Metadata-Version: 2.1
Name: crawlMp
Version: 0.3.6
Summary: Multiprocess Crawler
Home-page: https://github.com/domarm-comat/crawlMp
Author: Martin Domaracký
Author-email: domarm@comat.sk
License: MIT
Platform: UNKNOWN
Classifier: Programming Language :: Python :: 3
Classifier: Operating System :: OS Independent
Classifier: Topic :: Software Development :: Libraries
Classifier: License :: OSI Approved :: MIT License
Classifier: Natural Language :: English
Classifier: Intended Audience :: Science/Research
Requires-Python: >=3.6
Description-Content-Type: text/markdown
License-File: LICENSE

# Overview #

![GitHub](https://img.shields.io/github/license/domarm-comat/crawlMp)
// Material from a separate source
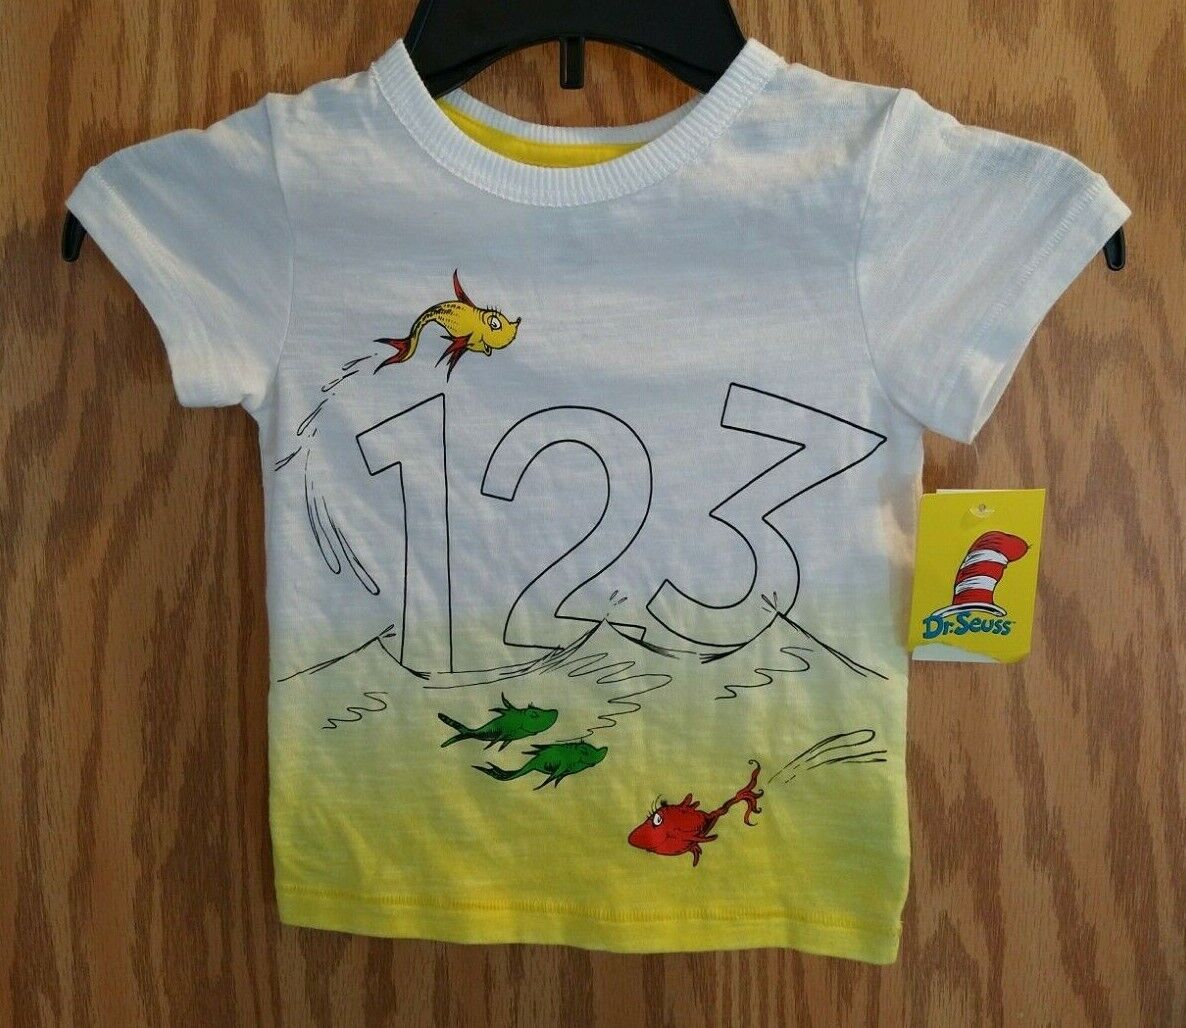 Boys shirt SZ 18 Mons Dr Seuss Short Sleeve One Fish Two Fish Shirt T-Shirt New

Main aim of this project is to provide simple tool for multiprocess crawling.  
It can be used either as a tool for python project or as a command line tool.

# Concept #

This package was written to serve general purpose of crawling various resources.  
To achieve that, Crawler interface needs to be adopted.  
Just by implementing this interface, other Crawlers can be created and used with crawlMp manager.  
Resource Crawler is then used with CrawlWorker.   
Every crawler first enters entry point (link) and extract hits and links.  
If specified, pipeline of actions is executed on every hit. By default, hits are collected in SIMPLE_MODE only and
that's the fastest method to crawl as well.  
If other metadata related to hit is required, use MODE_EXTENDED.  
Other workers can pick up and follow link(s) from shared list asynchronously.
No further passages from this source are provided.